Analiza techniczna nie daje nadziei na poprawę notowań
Po deszczowym wtorku ciepły poranek w środę tchnął chyba trochę optymizmu w serca giełdowych inwestorów. Poprawa pogody w kraju zbiegła się bowiem z niewielkim wzrostem na giełdzie. Jeśli wierzyć jednej z teorii giełdowych, trwałość obecnego trendu będzie zależeć także od sytuacji meteorologicznej.
WIĘKSZY WPŁYW na przebieg sesji miały jednak wtorkowe notowania na Wall Street. Główny indeks tego rynku Dow Jones wzrósł o 0,64 proc. do 11 117,08 punktu. Była to reakcja na najnowsze dane statystyczne dotyczące cen detalicznych w USA. Ponieważ okazało się, że ich wzrost nie przekroczył jednak dopuszczalnego przez ekonomistów poziomu, zmniejszył się niepokój inwestorów przed rygorystycznym zaostrzeniem polityki pieniężnej przez FED.
WYDARZENIA za oceanem oczywiście wywierają dość duży wpływ na to co dzieje się na naszym rynku. Nie można jednak zapominać o tym co się dzieje w polskich przedsiębiorstwach. A tu jak wynika z ostatnio opublikowanych przez GUS danych, wciąż nie widać wyraźnej poprawy koniunktury w przemyśle. Także wnioski płynące z analizy technicznej nie zapowiadają w najbliższym okresie zmian na lepsze. Od połowy lipca WIG znajduje się w kanale spadkowym i chociaż w najbliższym czasie może się przebić przez górną linię ograniczającą ten kanał, będzie to prawdopodobnie wzrost krótkotrwały.
PODCZAS środowej sesji na tle całego rynku dobrze wypadły banki. Ich indeks w porównaniu z sesją wtorkową wzrósł o 2,1 proc. Było to w głównej mierze zasługą BIG BG, którego kurs na wczorajszej sesji wzrósł o maksymalny dopuszczalny przedział, po tym jak odżyły spekulacje, że zagraniczne banki będą nadal walczyły o przejęcie nad nim kontroli. Znaczny wzrost, dzięki aprecjacji kursu Indykpolu, odnotował także indeks rynku spożywczego. W przeciwnym kierunku natomiast, co już nieraz miało miejsce, podążył rynek NFI. Spośród piętnastu funduszy, jedynie dwa były wyceniane drożej niż we wtorek.

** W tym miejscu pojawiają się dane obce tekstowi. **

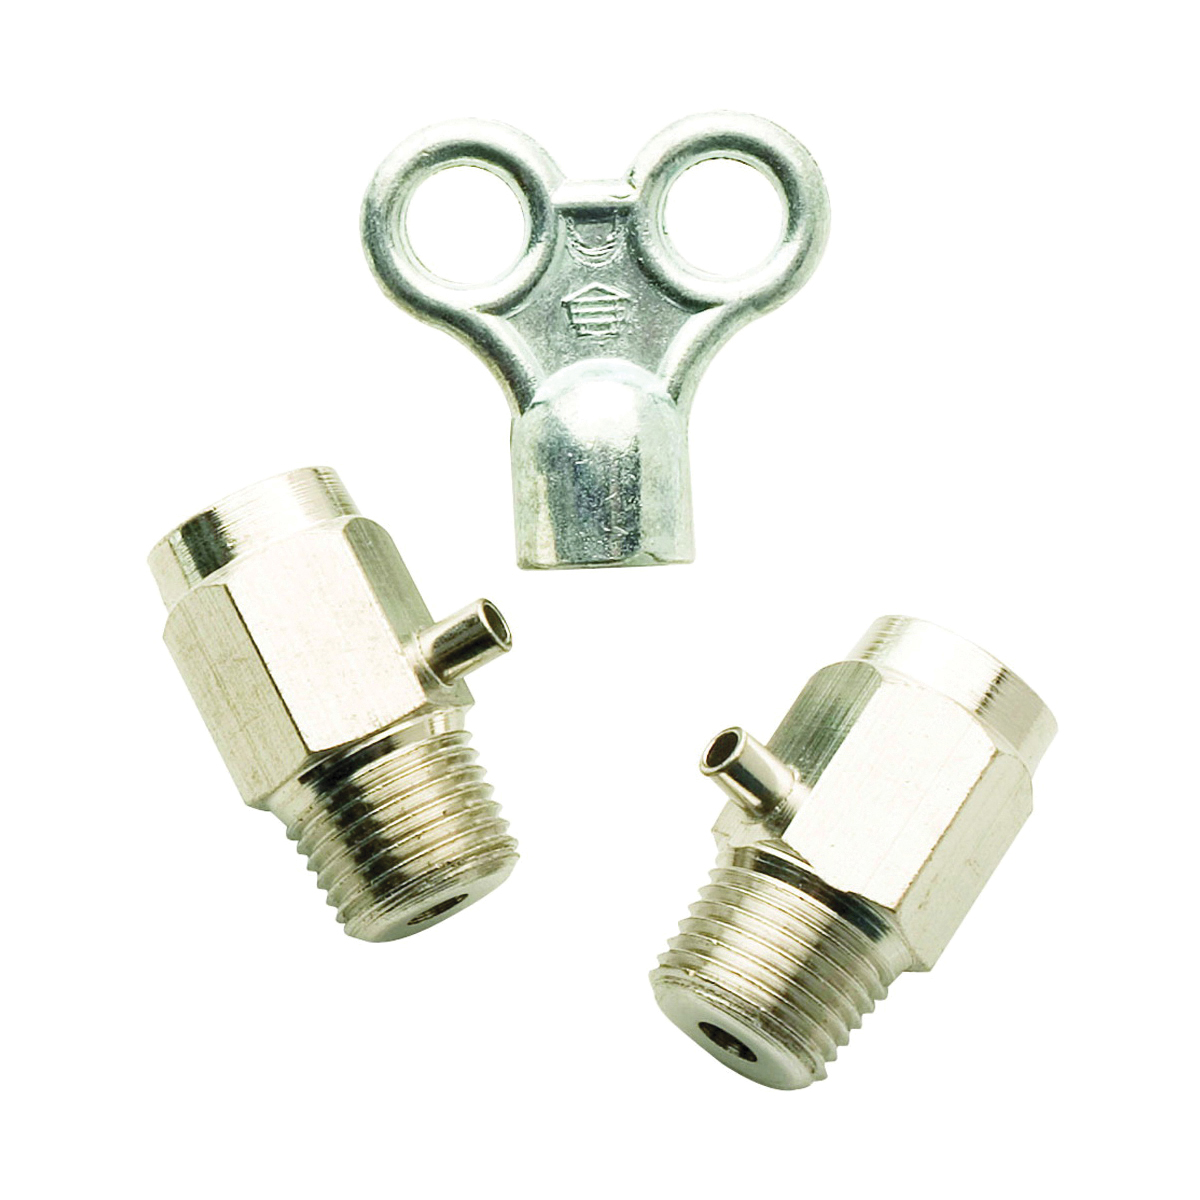 PP827-9 Loose Key Air Valve with Key, 1/8-27 in Connection, NPT, Brass, Chrome

NAJWIĘCEJ, bo o 2,9 proc., wzrosły notowania NFI Hetman. Co ciekawe, mimo nie najlepszych wyników od początku miesiąca fundusz podrożał o ponad 40 proc. Bardzo prawdopodobne jest, że jego kurs idzie w górę przed planowaną transakcją przeniesienia akcji spółki pomiędzy PZU i austriackim BA/CA.